The older locals of this area say that she was a ruler that killed for love and died from love, and that Jerina´s body today is guarded by one of the caves above the Ustipraca-Visegrad road.

The story, told so many times among the people from this locality provoking the curiosity of the young, says that, in a hole in a hardly accessible rock, a girl was walled up alive.
Her bones can still be seen there today, it is assured.
Nobody can enter the cave, and if somebody would dare even try he or she would be lost forever.

The Drina and Jerina´s garden can be seen from "the window" of the rock, but also the city of Samobor and the tower of duke Stjepan for whom it is said that he was a very handsome and sought after young man.

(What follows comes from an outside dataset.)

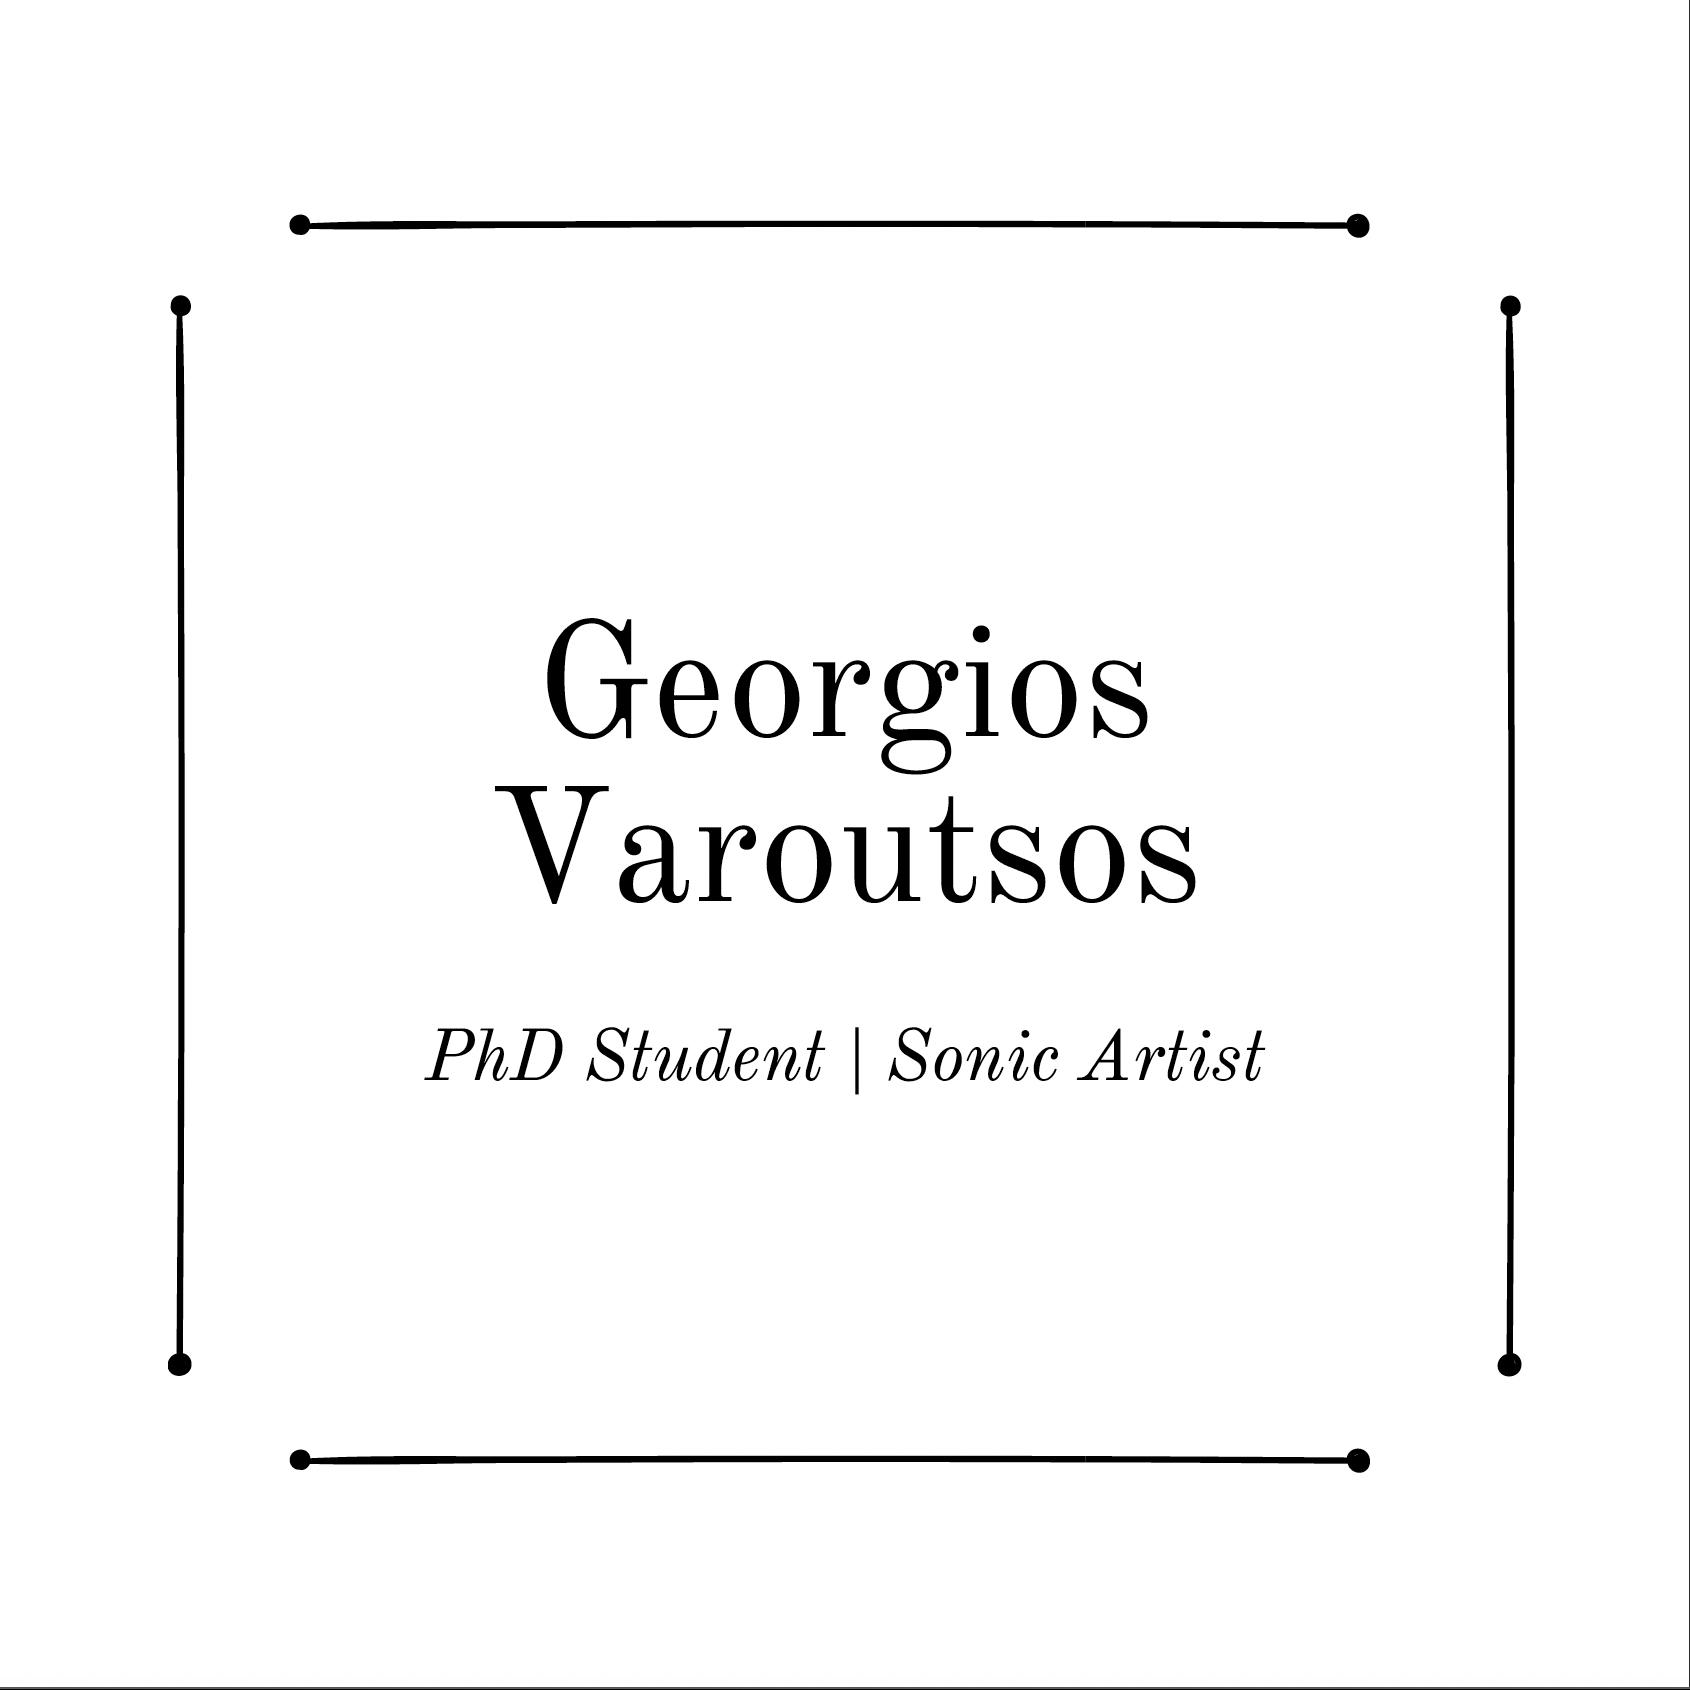 Georgios Varoutsos

He liked Jerina, the girl that ruled the region across the Drina. She too fell in love with Stjepan and wedding was on the cards. But, as it so often happens, great loves usually end tragically.
Duke Stjepan fell in love with another girl, forgot about the promise he had made, and married the other girl soon after. When Jerina found out she would never get married and ordered her own walling up in a rock that looks at Somobor, Stjepan´s city. According to the legend she often spent her time looking over Somobor through the window on her rock, and it is said that Stjepan liked it best to spend time in Somobor and scan the rock above the Drina from the top of his tower looking for his unfurtunate love.
She died from sorrow precisely three years later, but before she passed away she ordered to be left walled up in the rock.